## Aim of the exercise
Leaving the pictures aside, transcribe every line below exactly.

Exercise data below:

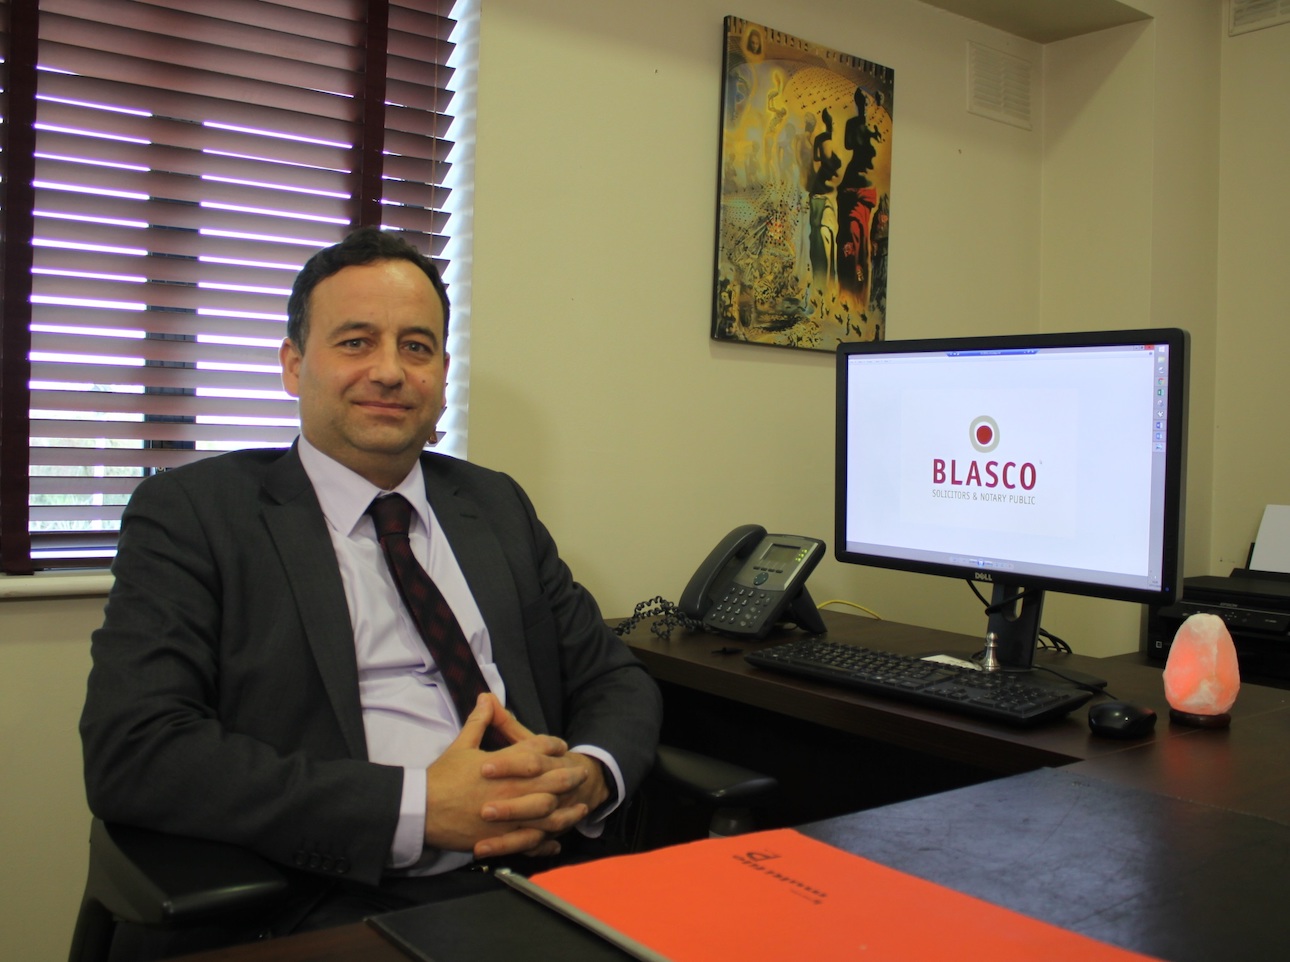 Blasco Solicitors & Notary Public
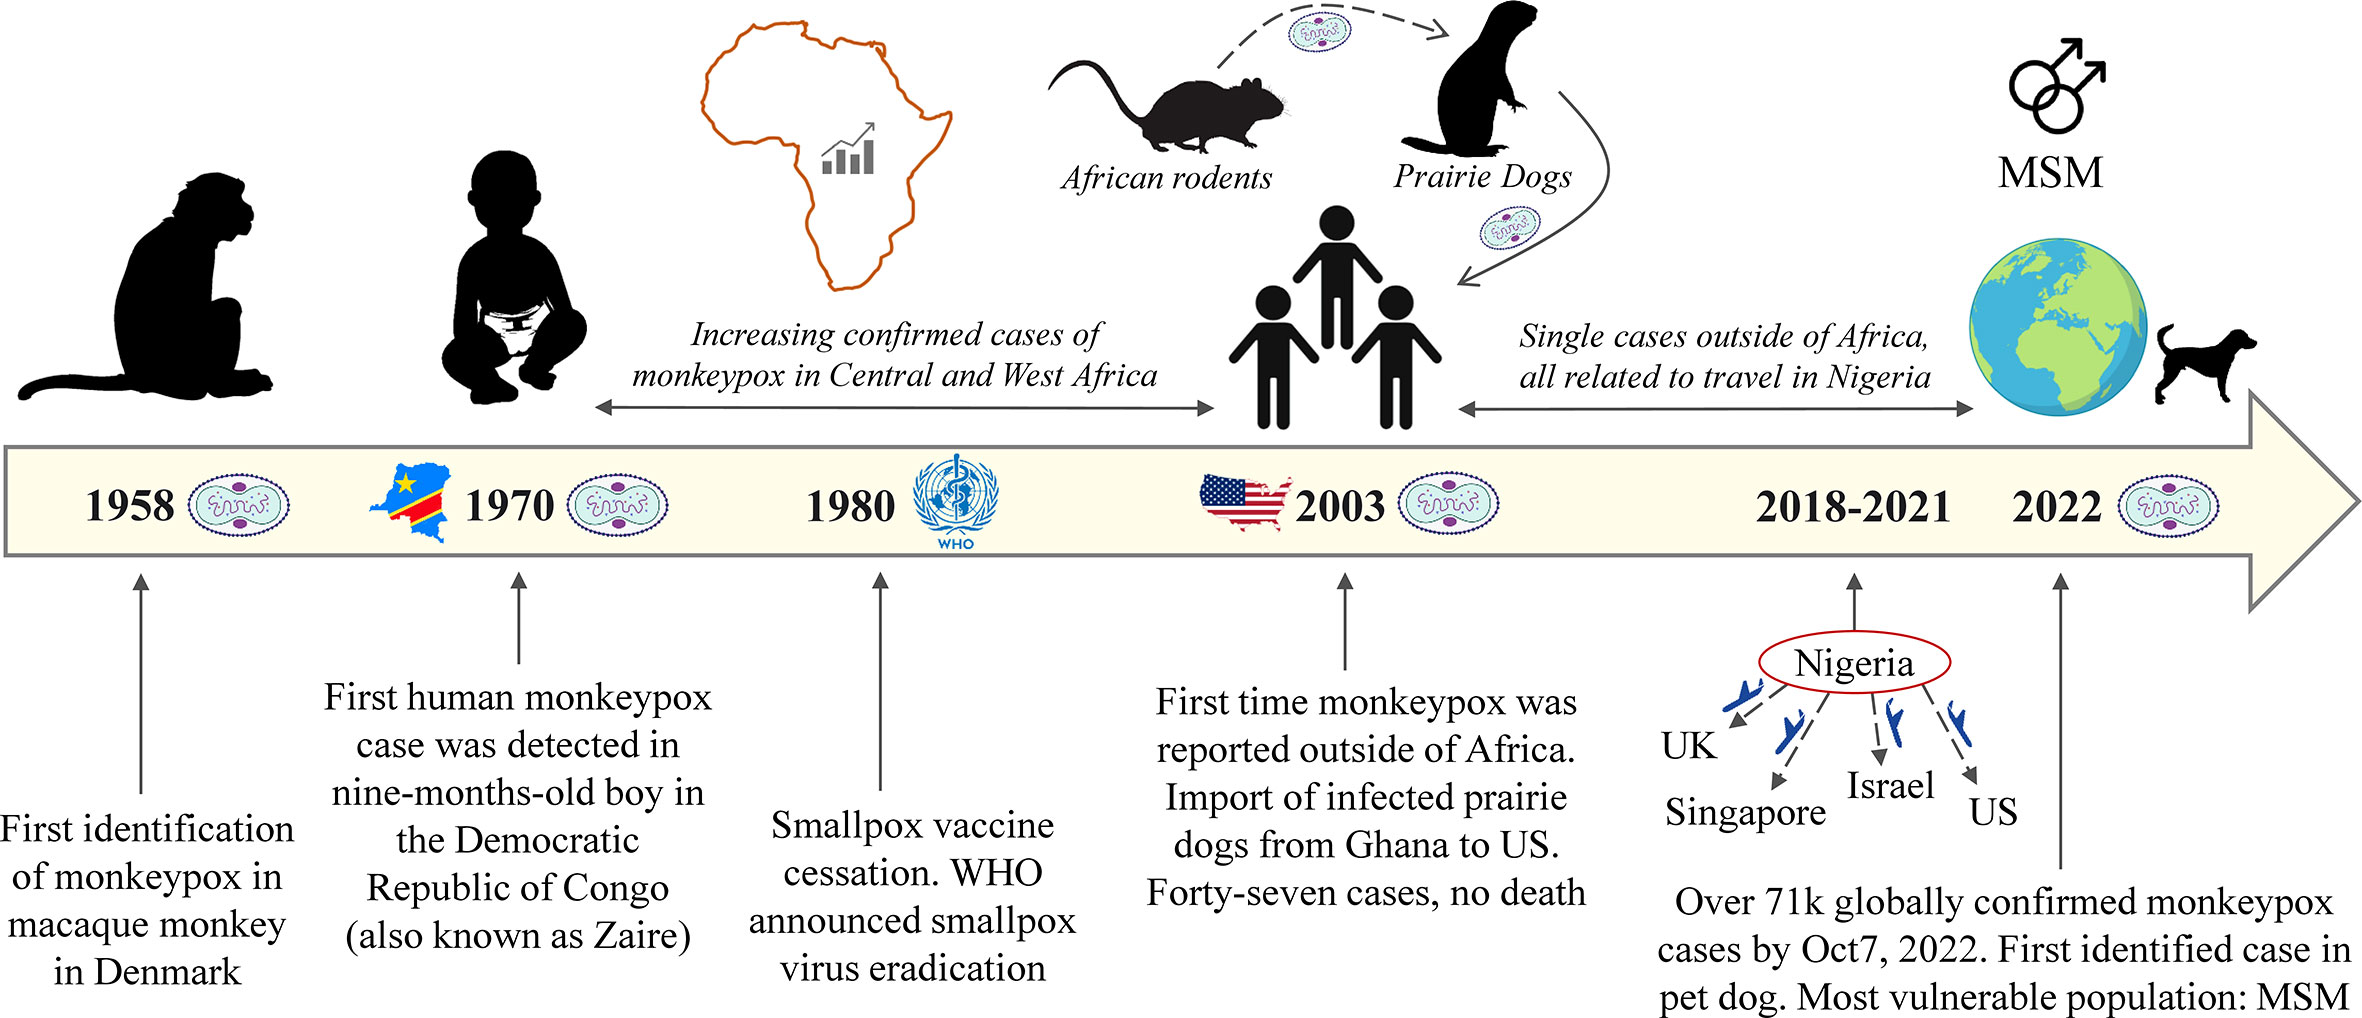 Monkeypox 101: Symptoms, Treatment, and Prevention
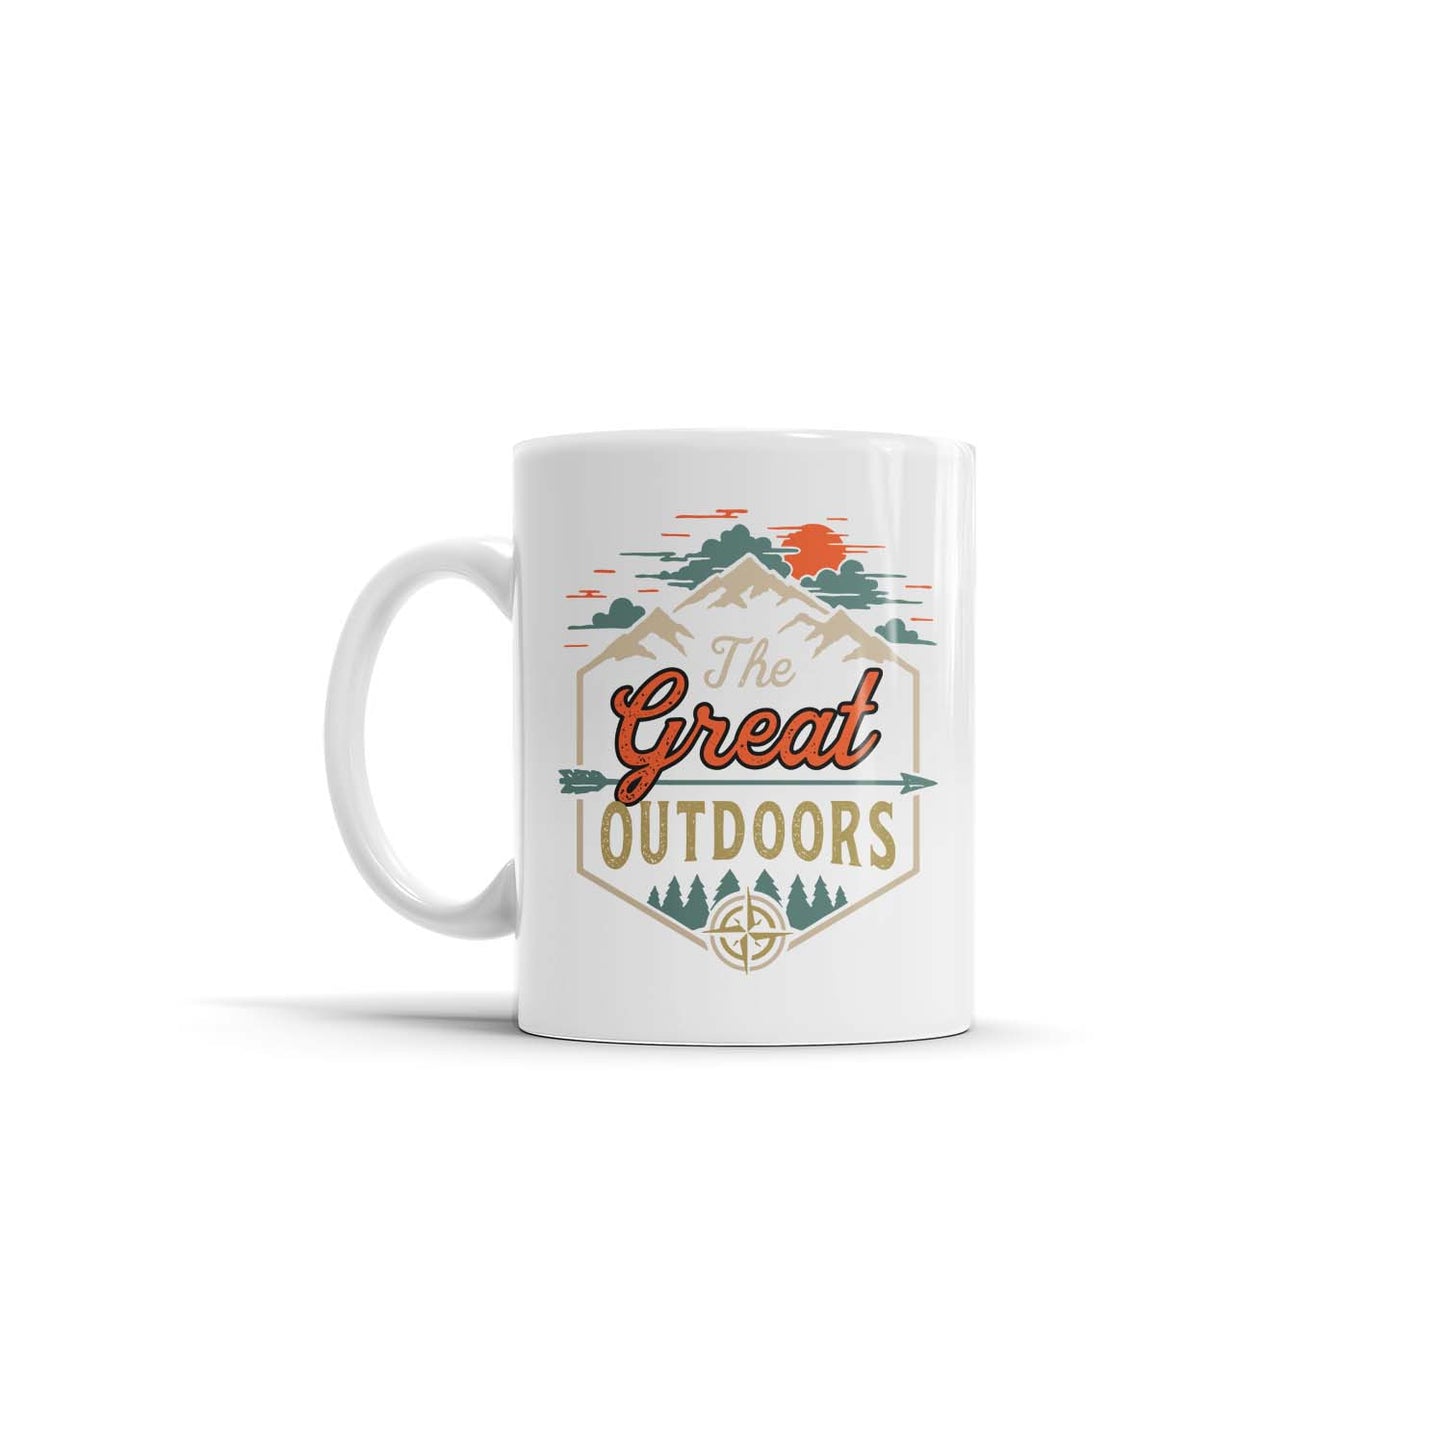 The Great Outdoors Mug

End of Exercise data.

## Answer below
 Blasco Solicitors & Notary Public
 Monkeypox 101: Symptoms, Treatment, and Prevention
 The Great Outdoors Mug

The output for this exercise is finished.